Photocredit acknowledgment: Akosua Asamoabea Ampofo

Professor: Institute of African Studies, University of Ghana

AKOSUA
Adomako Ampofo

Adomako Ampofo is Professor of African and Gender Studies at the Institute of African Studies, University of Ghana (UG). In 2005 she became the foundation Director of the University of Ghana’s Centre for Gender Studies and Advocacy, and from 2010-2015 she was the Director of the Institute of African Studies.  She is the immediate past President of the African Studies Association of Africa; an honorary Professor at the Centre for African Studies at the University of Birmingham; a Fellow of the Ghana Academy of Arts and Sciences; and the 2023-2024 Wangari Maathai Visiting Professor at the University of Kassel.

Adomako Ampofo considers herself an activist scholar, and at the heart of her work are questions of identity and power—within families, institutions, political and religious spaces, and the knowledge industry.

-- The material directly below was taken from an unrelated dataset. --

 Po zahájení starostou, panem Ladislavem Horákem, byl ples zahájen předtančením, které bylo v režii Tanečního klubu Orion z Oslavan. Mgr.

Her areas of interest include African Knowledge systems; Higher education; Race and Identity Politics; Gender relations; Masculinities; and Popular Culture. In her current work on black masculinities, she explores the shifting nature of identities among young men in Africa and the diaspora. Earlier work on masculinities has explored the ways in which the discourse of “men of God” (i.e religious leaders) becomes a meta knowledge and (re)defines femininity.  Her most recent book, co-edited with Josephine Beoku-Betts, is titled Producing Inclusive Feminist Knowledge: Positionalities and Discourses in the Global South (Bingley: Emerald Publishing 2021). She co-produced the documentary When Women Speak with Kate Skinner (and directed by Aseye Tamakloe, 2022) as part of a project titled, an “Archive of Activism: Gender and Public History in Postcolonial Ghana”. The project seeks to create a publicly accessible archive of gender activism and “political women”.

Recent Publications

Adomako Ampofo, Akosua. 2023. “Social Justice and Community Studies: Scholar Activist Intersectional Approaches”

in Mary Romero (Ed.) Handbook on Intersectionality, Edward Elgar: 370-384.

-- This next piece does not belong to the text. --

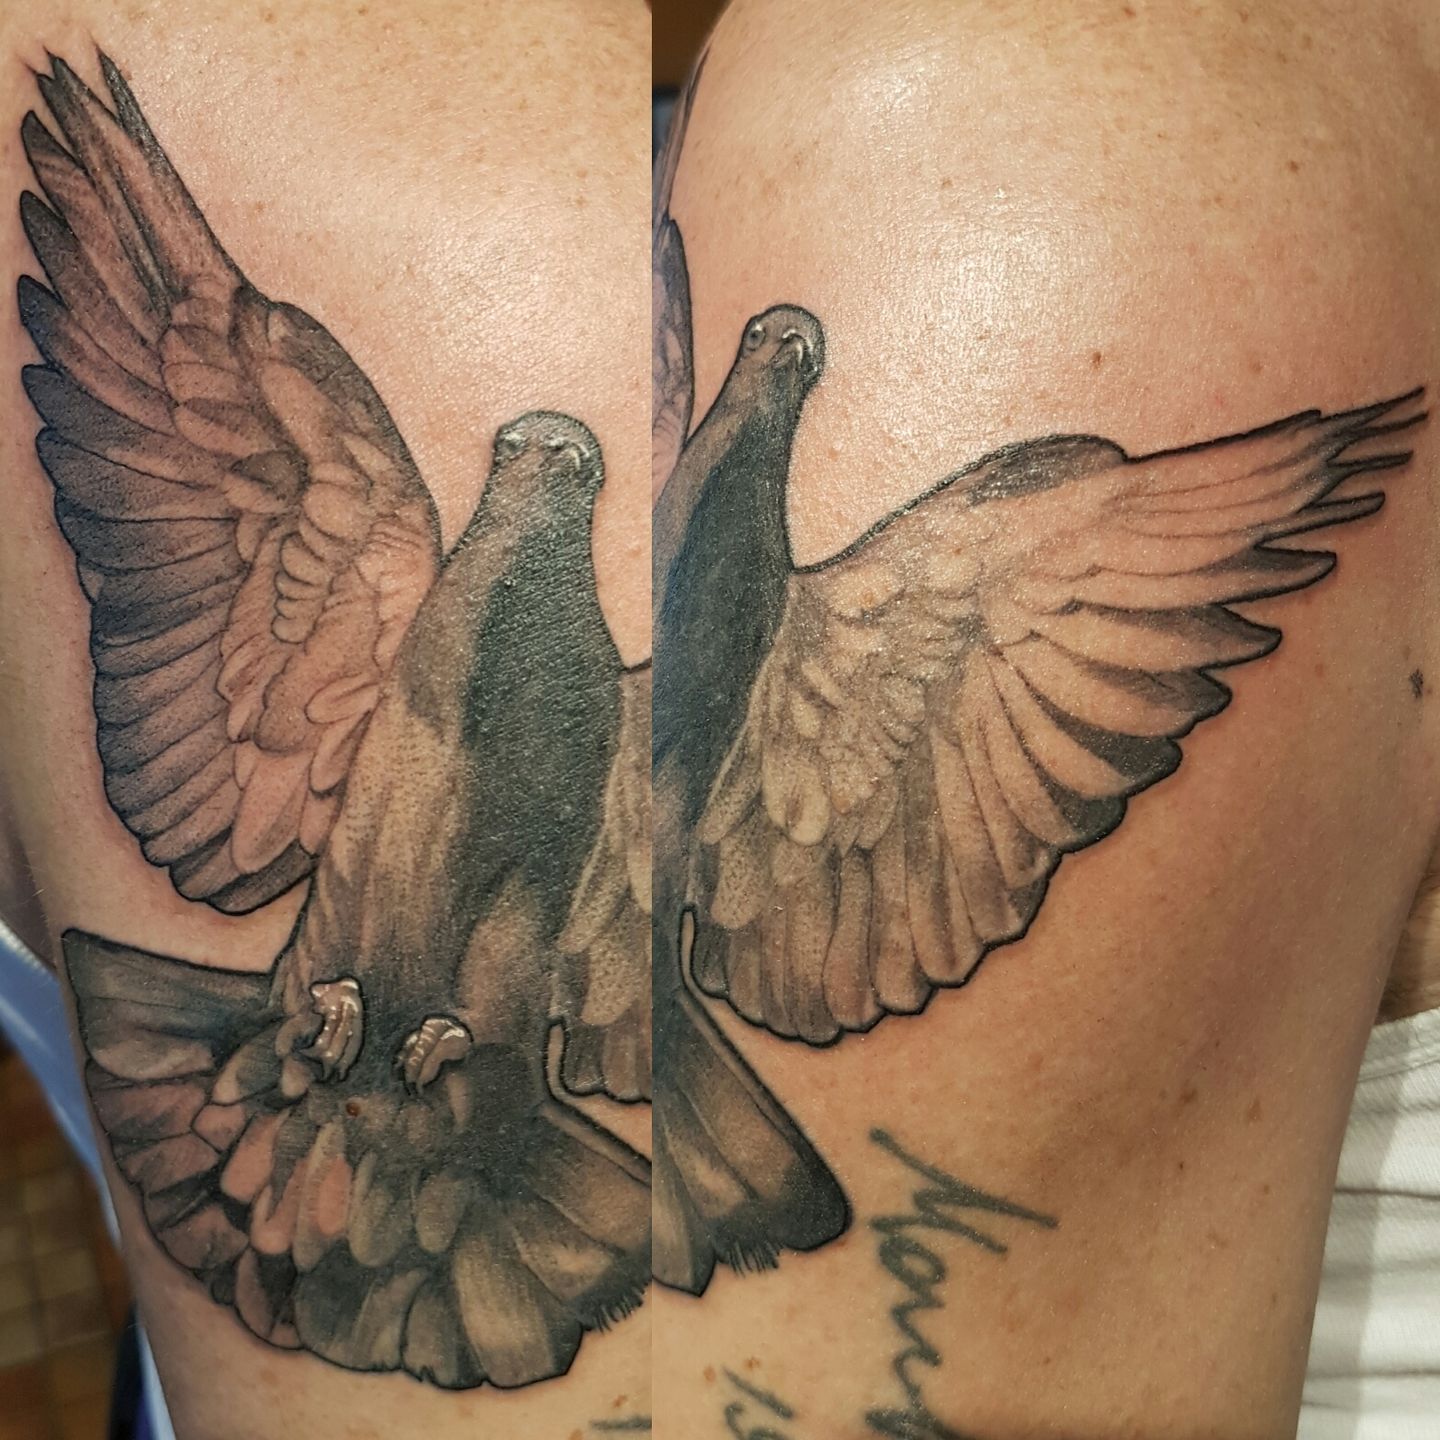 Mambo Tattooer pigeon bird tattoo | Pigeon tattoo, Cool tattoos, Tattoos

Adomako Ampofo, Akosua and Deborah Atobrah (in press). "Women in Ghana"

In The Oxford Research Encyclopedia of African History, Oxford University Press. doi:10.1093/acrefore/9780190277734.013.ORE_AFH-00539.R2.

Adomako Ampofo, Akosua and Josephine Beoku-Betts. 2021. (Eds.) Producing Inclusive Feminist Knowledge: Positionalities and Discourses in the Global South.

Bingley: Emerald Publishing (2021).

 

“No matter how dark the cloud, there is always a thin, silver lining, and that is what we must look for. The silver lining will come, if not to us then to the next generation or the generation after that. And maybe with that generation the lining will no longer be thin.”